A software engineer at Indian cryptocurrency exchange CoinDCX has been arrested in connection with a major security breach that led to a loss of $44 million in digital assets. The arrest follows an internal investigation and a complaint filed by CoinDCX operator Neblio Technologies.
Engineer’s Credentials Allegedly Compromised
Rahul Agarwal, a 30-year-old staff engineer at CoinDCX, was taken into custody by Bengaluru police after it was discovered that hackers had gained access to the exchange’s systems using his work credentials. The breach reportedly occurred through Agarwal’s office-issued laptop, which authorities believe became infected with malware after he was tricked into installing it.
CoinDCX officials have suggested that the breach was likely the result of a sophisticated social engineering attack, which targeted Agarwal to obtain access to internal accounts. The company emphasised that such attacks are designed to deceive employees and bypass traditional cybersecurity measures.

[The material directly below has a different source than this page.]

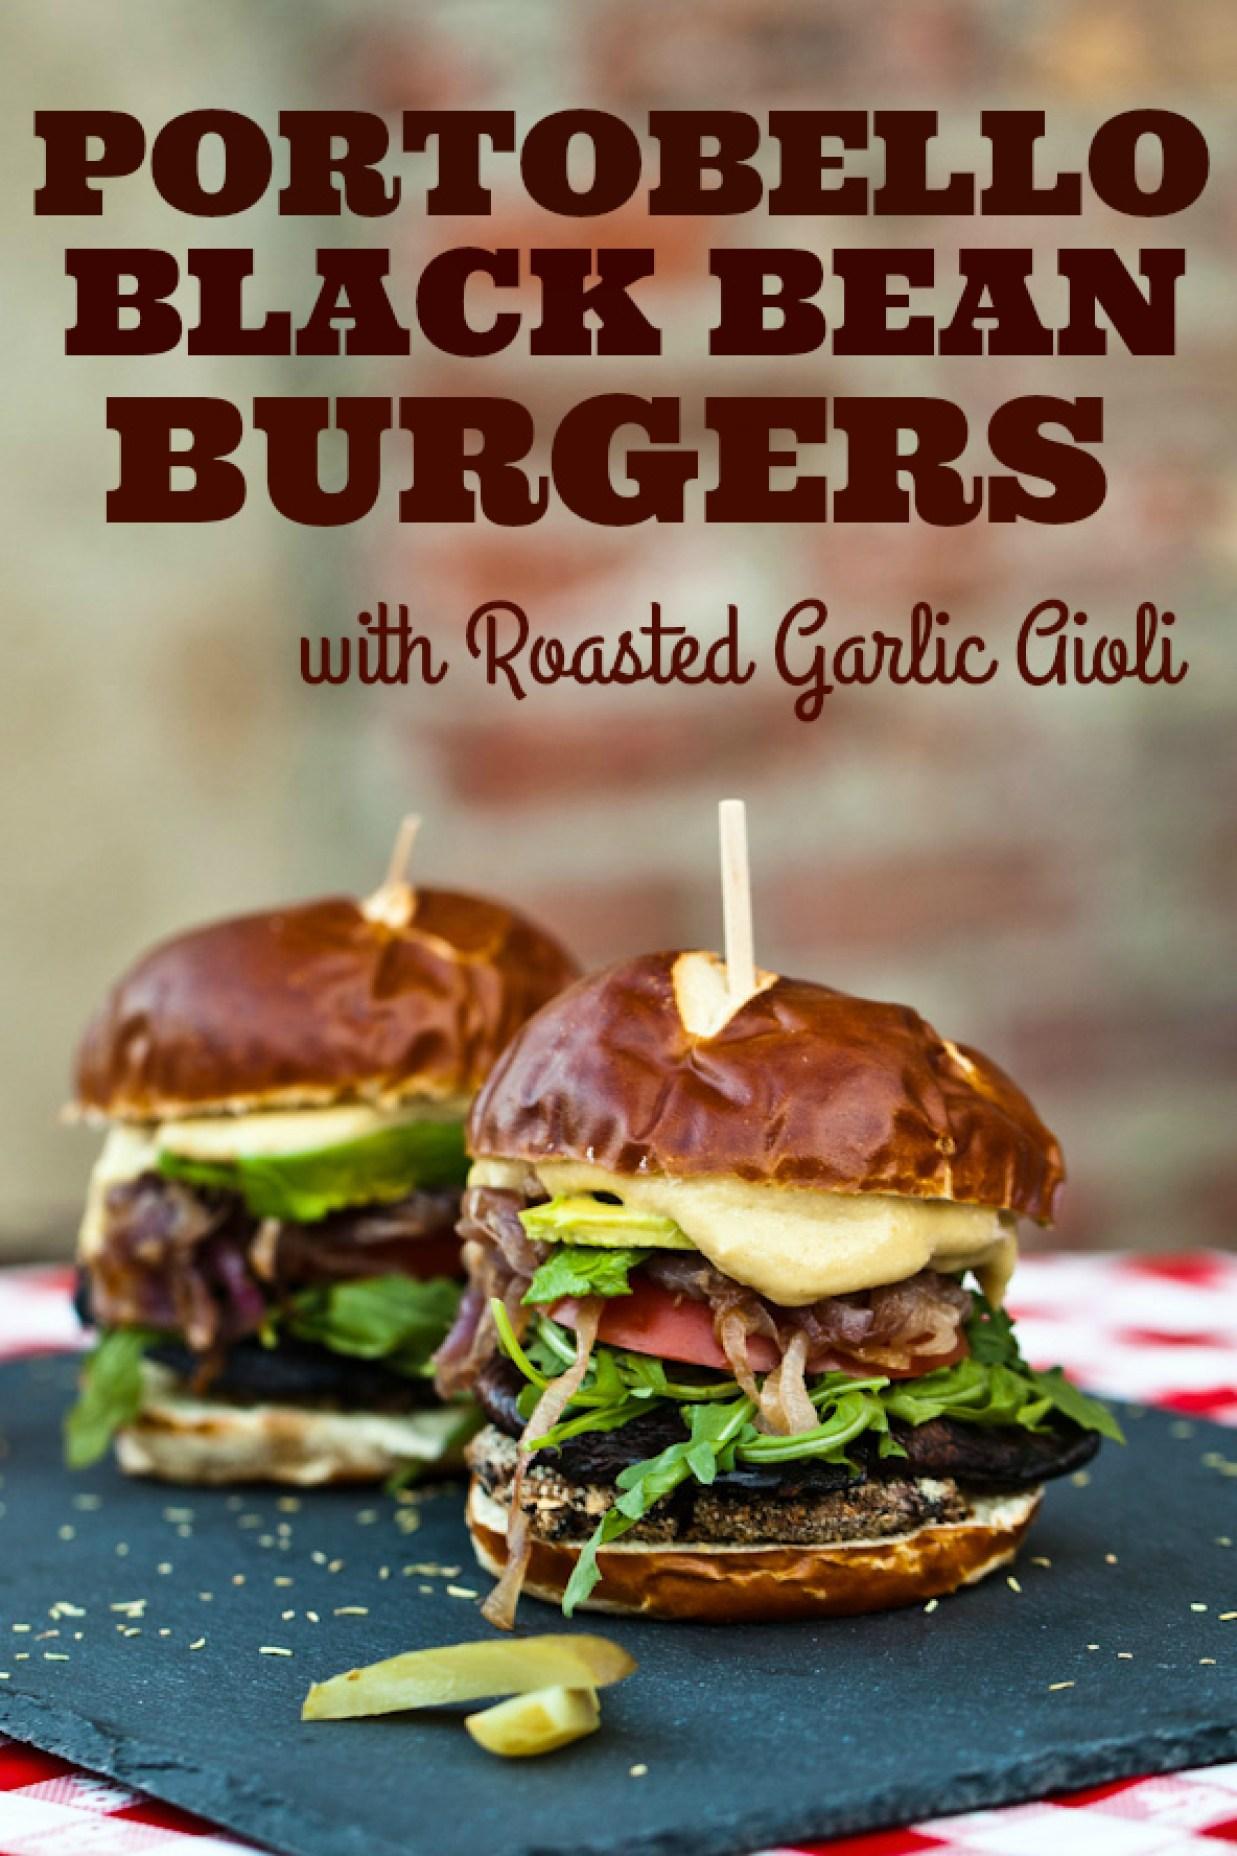 Portobello Black Bean Burgers

$44 Million Siphoned Overnight
The hack took place during the night of 19 July, when unauthorised access was detected on the company’s servers. Initial suspicious activity involved a small transfer of 1 USDT (Tether stablecoin), followed by a massive outflow of $44 million to six separate crypto wallets.
CoinDCX co-founder and CEO Sumit Gupta confirmed the breach in a public post on X (formerly Twitter), stating that the hack targeted an internal account used for liquidity operations with another exchange. He assured the public that no user funds were affected and that the impacted account was isolated from customer assets.

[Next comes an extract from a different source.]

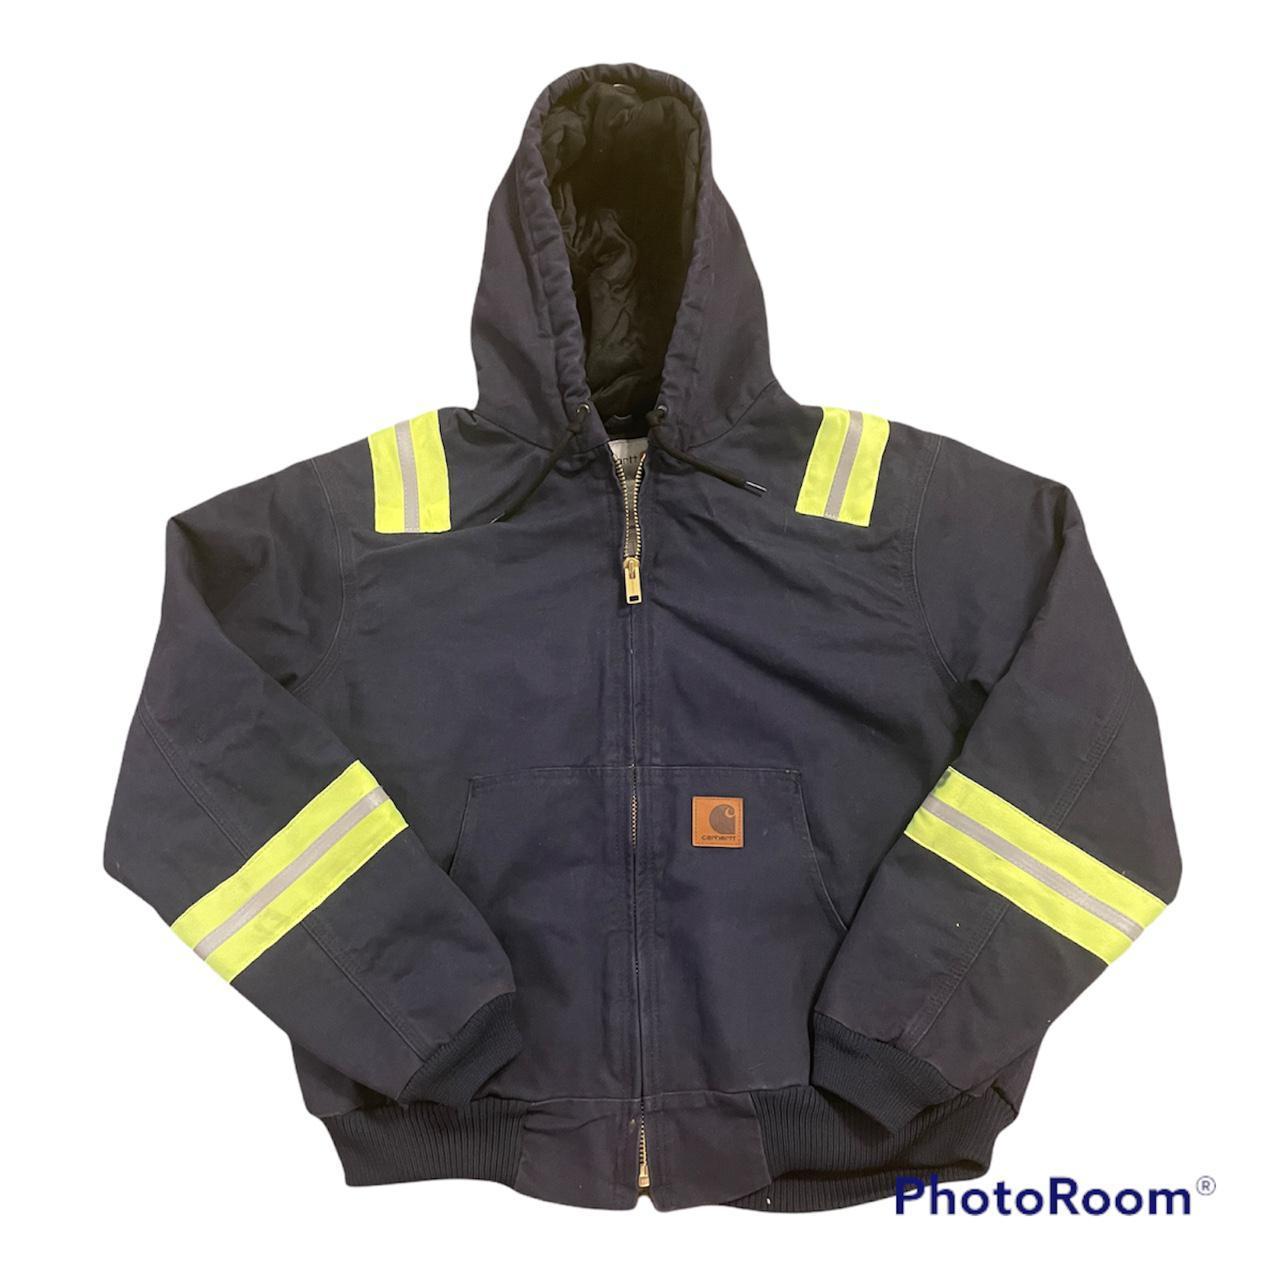 Product Image 1 - carhartt workwear jacket with reflective

Company Urges Caution Amid Ongoing Probe
In response to widespread media interest, CoinDCX has declined to comment directly on the arrest. Instead, Gupta urged the public and press to avoid speculation. “We urge the media and the public to avoid speculation or the circulation of unverified information, as it may impede the ongoing investigation,” he said.
A spokesperson for the company reiterated this position, noting that the internal findings point to a highly targeted attack and that CoinDCX is working closely with law enforcement agencies to uncover the full details of the breach.

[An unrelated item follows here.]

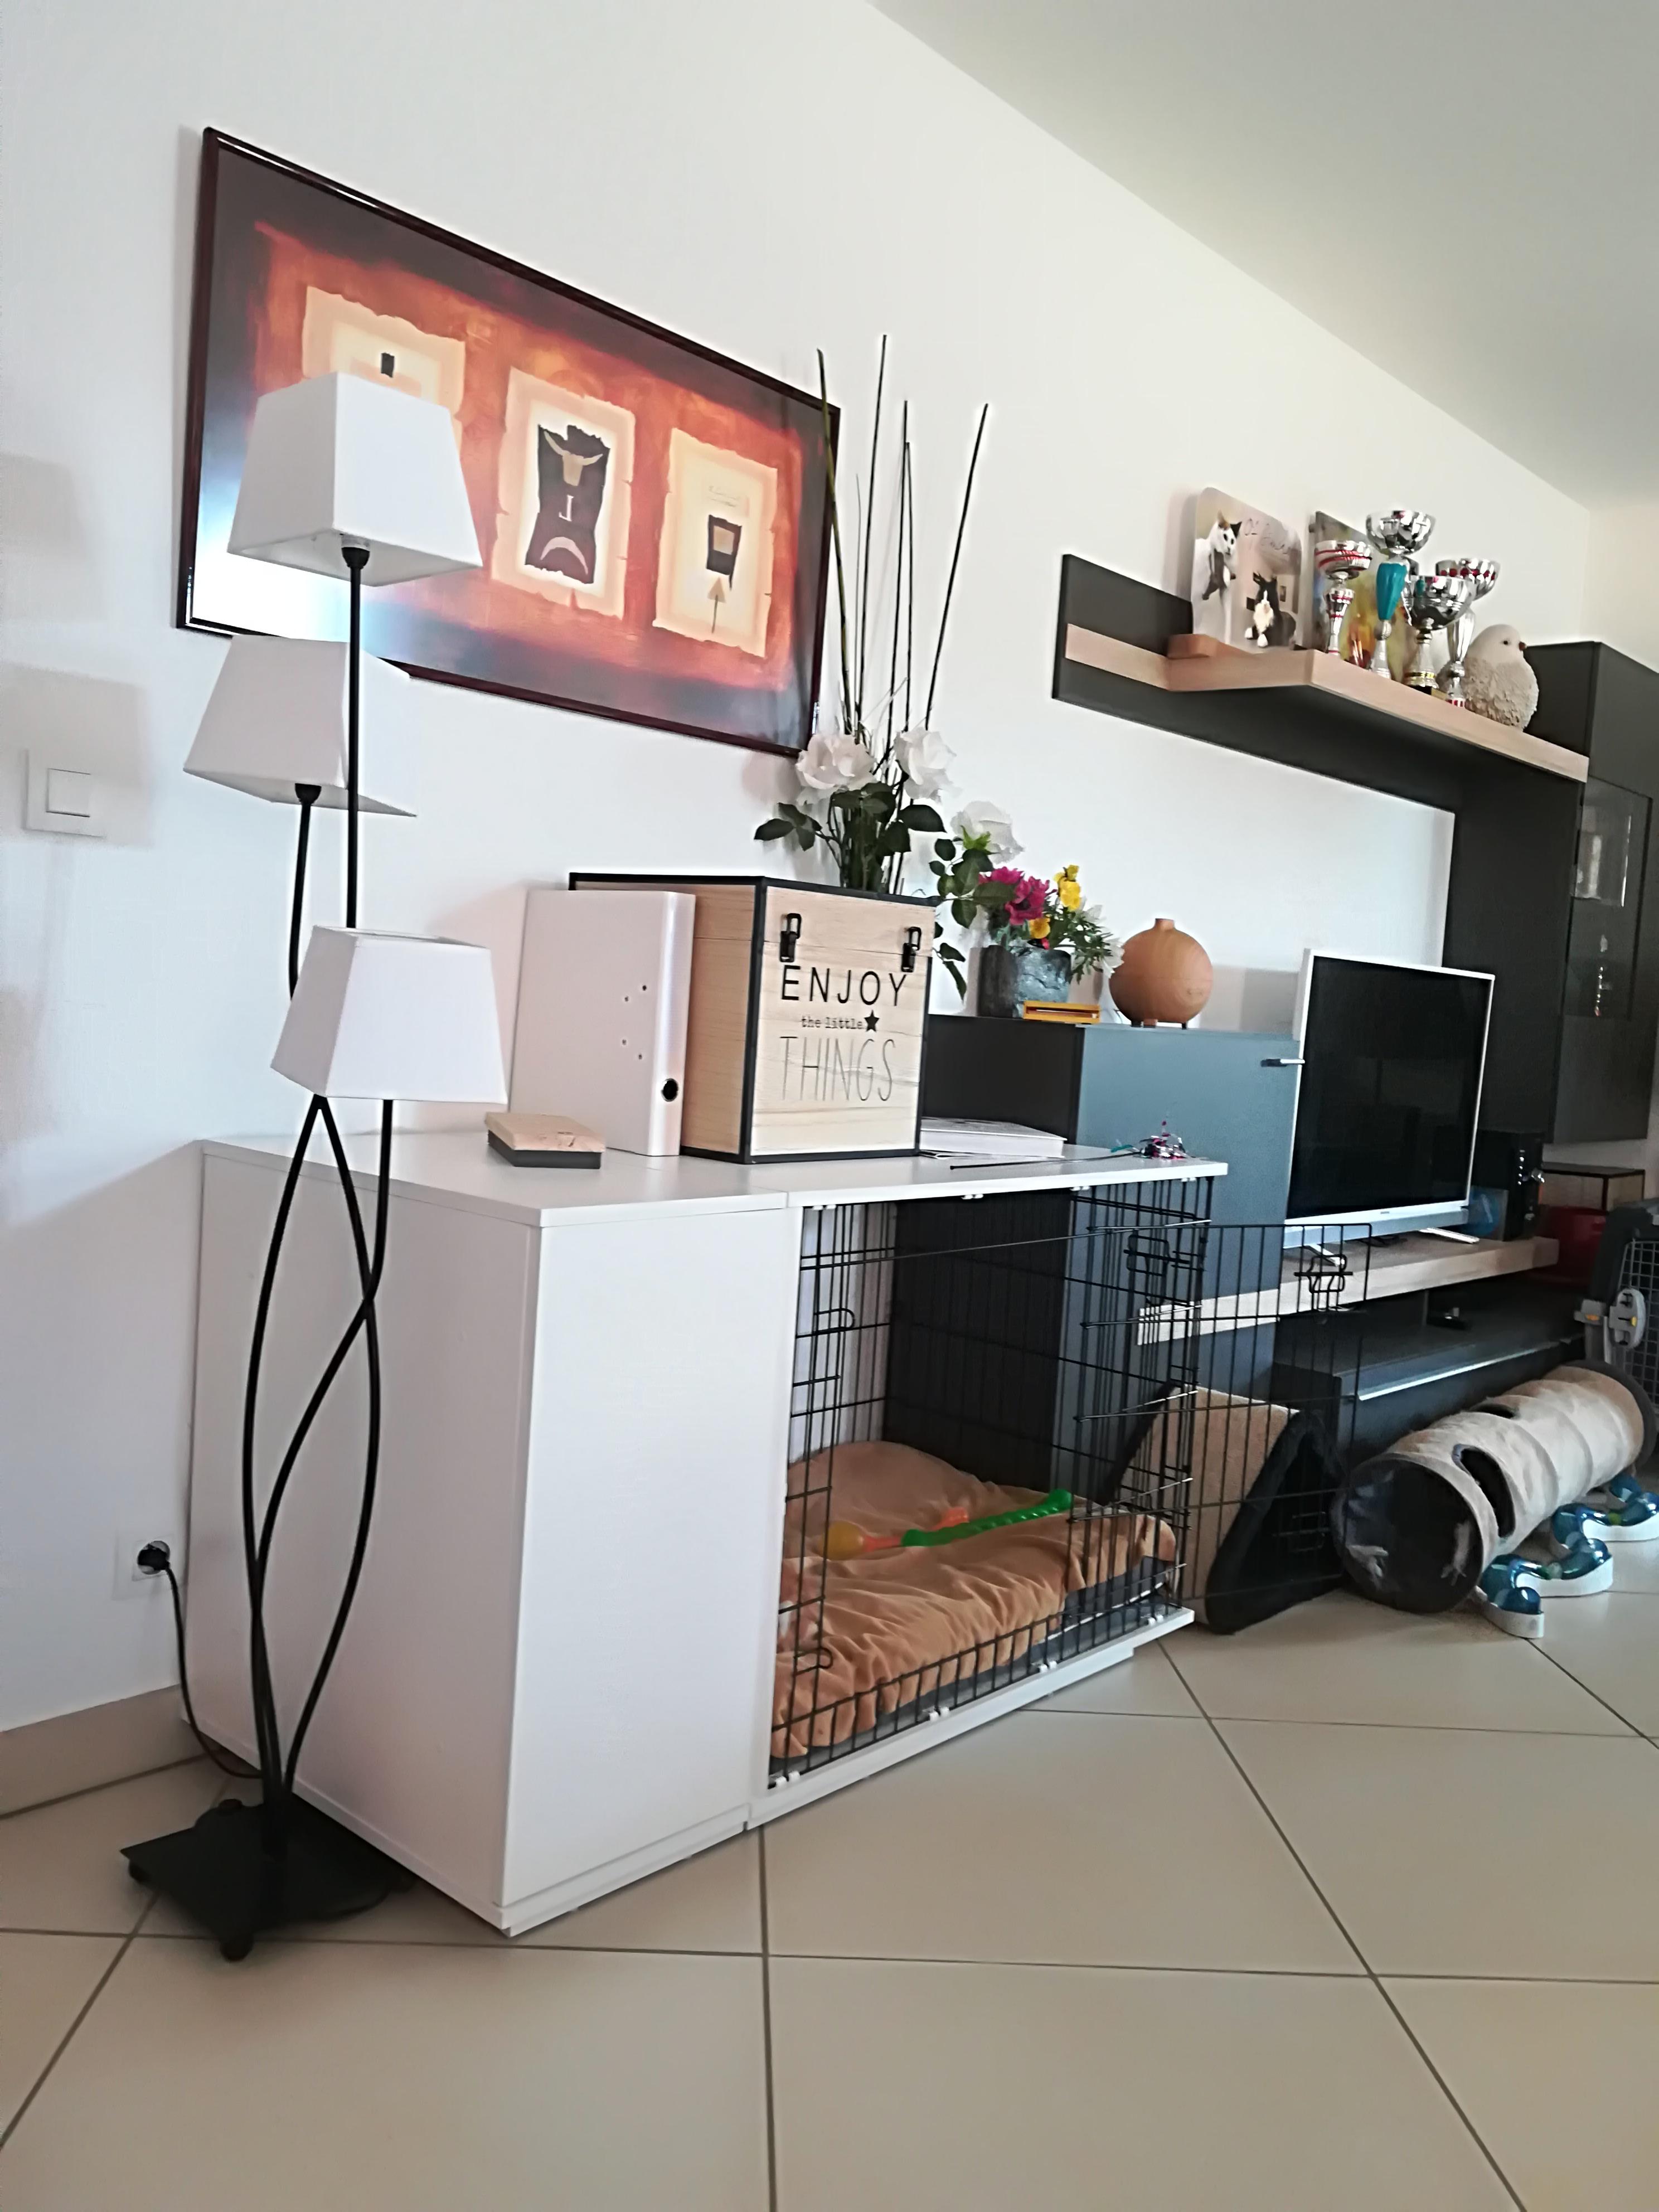 https://www.omlet.fr/images/originals/niche-fido-studio-notre-niche-fido-36-img-20180220-120009_0b3ada18.jpg

Employee’s Background and Activities Under Scrutiny
According to reports in The Times of India and The Indian Express, Agarwal had been working with CoinDCX for over two years. His LinkedIn profile indicates he joined as a senior software engineer in May 2023 and was promoted to staff engineer in April 2025. While his role was initially remote, he later transitioned to working on-site in Bengaluru.
During the investigation, Agarwal reportedly admitted to undertaking freelance work for up to four private clients while employed at CoinDCX, a potential violation of company policy. However, he denied any involvement in the hack itself.
Internal Breach Raises Industry-Wide Concerns
This incident highlights the growing risk of social engineering attacks within the crypto sector. With increasing reliance on remote and hybrid work environments, even internal accounts can become major vulnerabilities if proper security protocols are not rigorously maintained.
CoinDCX’s swift internal investigation and the subsequent arrest underscore the seriousness of the breach. As investigations continue, further details are expected to emerge about how hackers gained access to the company’s infrastructure through what appears to be a targeted malware operation.